▶ _WHAT TO PRODUCE_
Full transcription, minus images: write out the listing below exactly as it appears.

▶ _INFORMATION SHOWN_
************

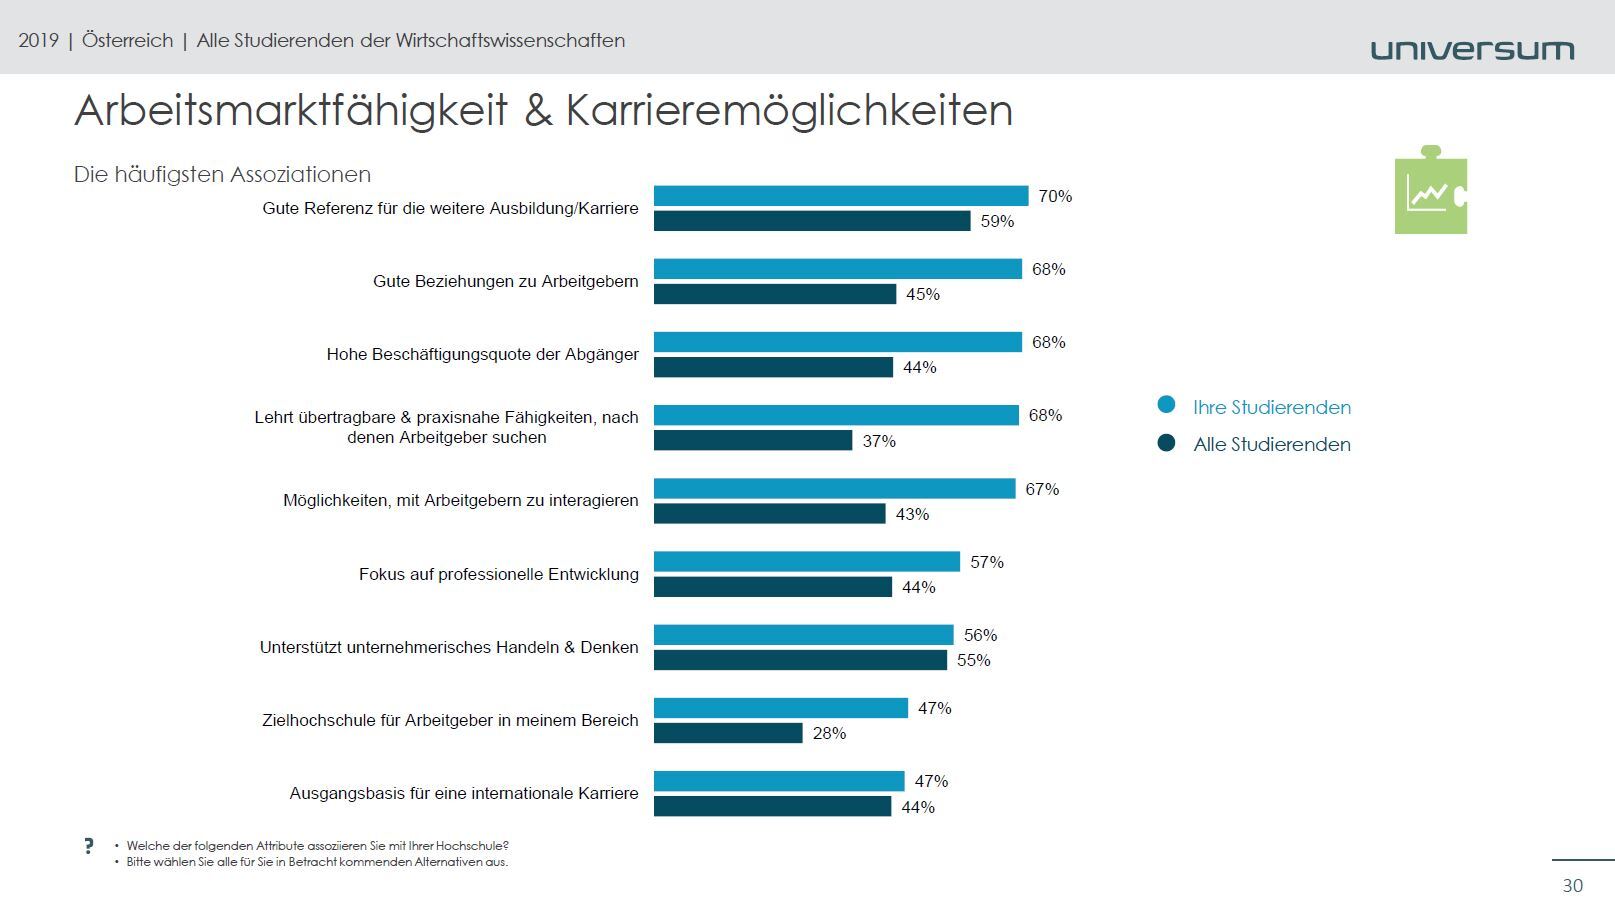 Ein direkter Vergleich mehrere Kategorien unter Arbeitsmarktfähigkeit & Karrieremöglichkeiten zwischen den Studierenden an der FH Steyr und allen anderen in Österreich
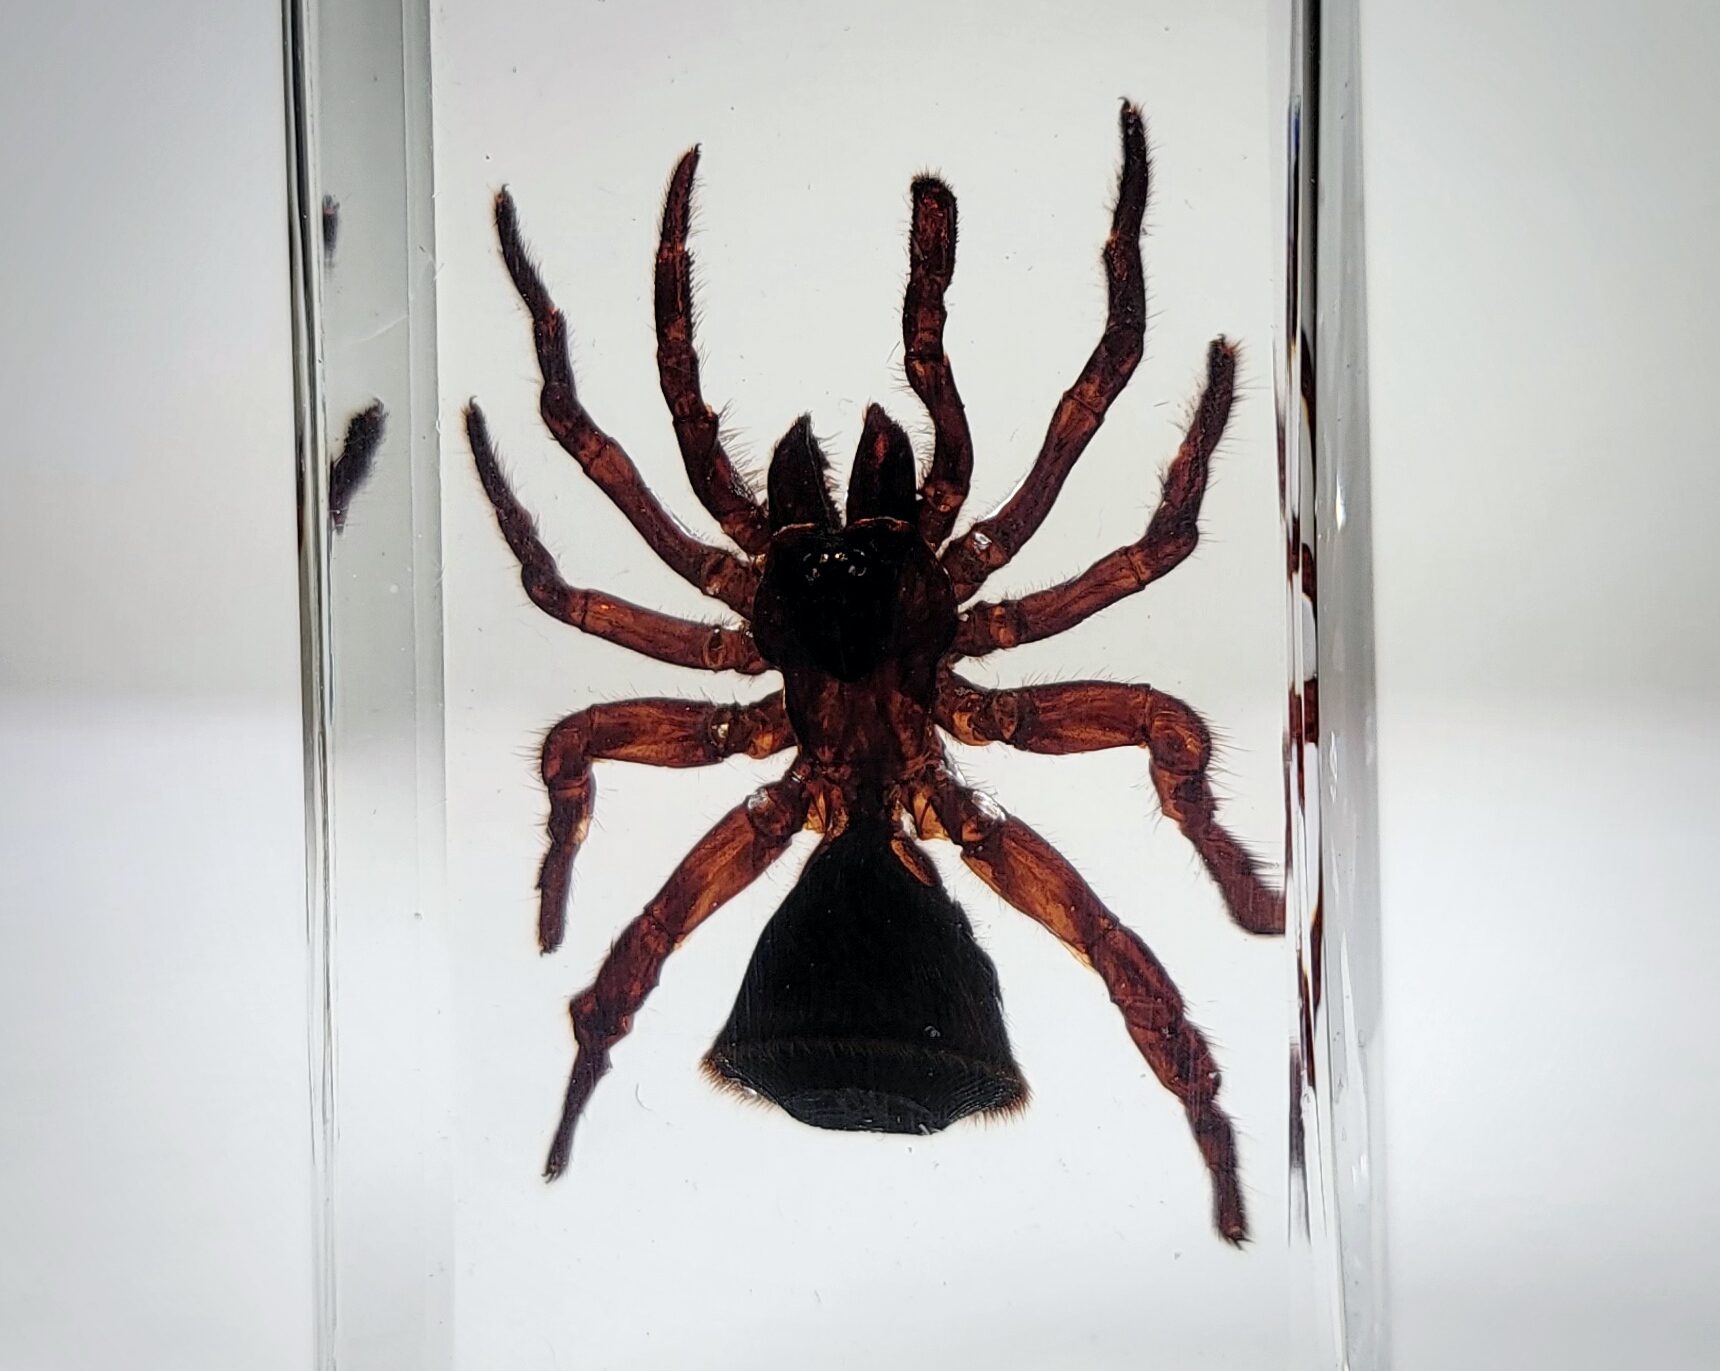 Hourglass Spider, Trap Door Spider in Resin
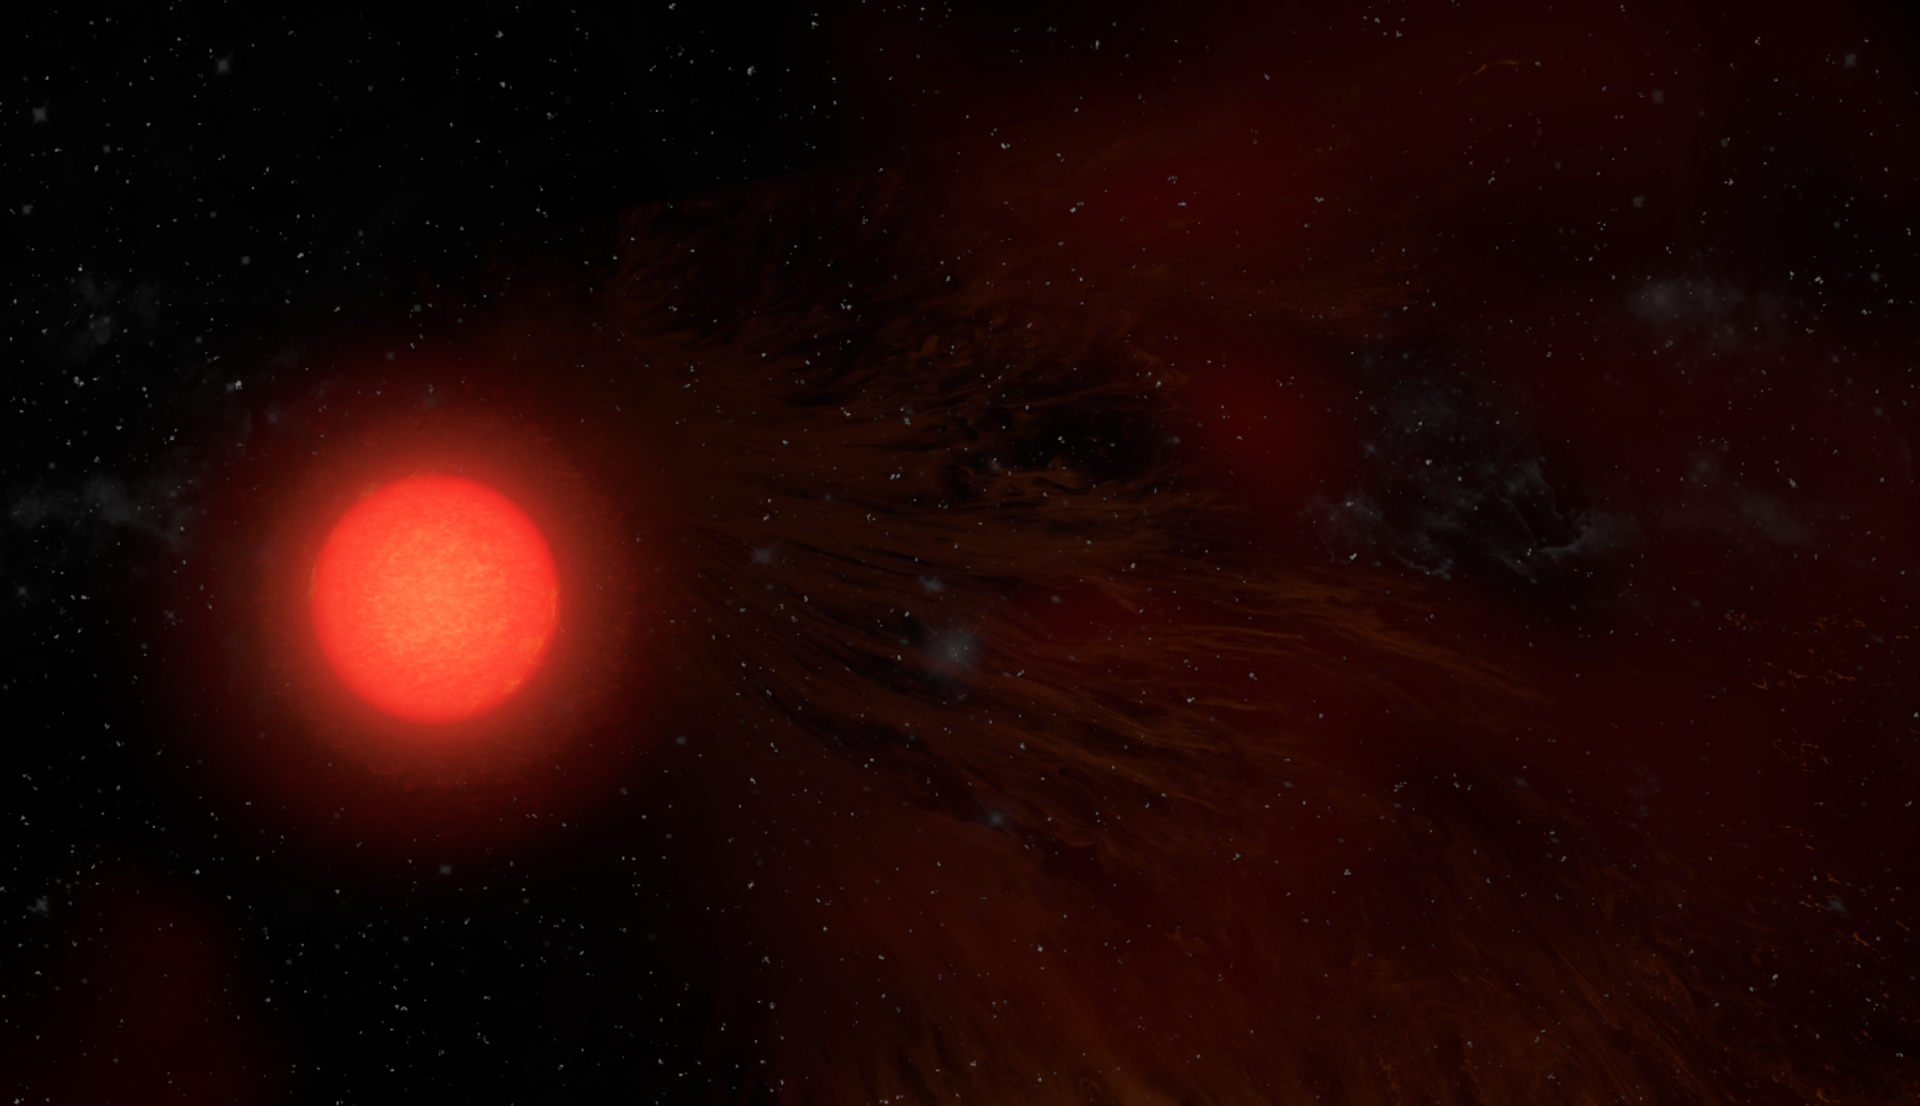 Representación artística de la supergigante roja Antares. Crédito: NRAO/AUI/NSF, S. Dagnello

************

▶ _FINISHED TASK_
 Ein direkter Vergleich mehrere Kategorien unter Arbeitsmarktfähigkeit & Karrieremöglichkeiten zwischen den Studierenden an der FH Steyr und allen anderen in Österreich
 Hourglass Spider, Trap Door Spider in Resin
 Representación artística de la supergigante roja Antares. Crédito: NRAO/AUI/NSF, S. Dagnello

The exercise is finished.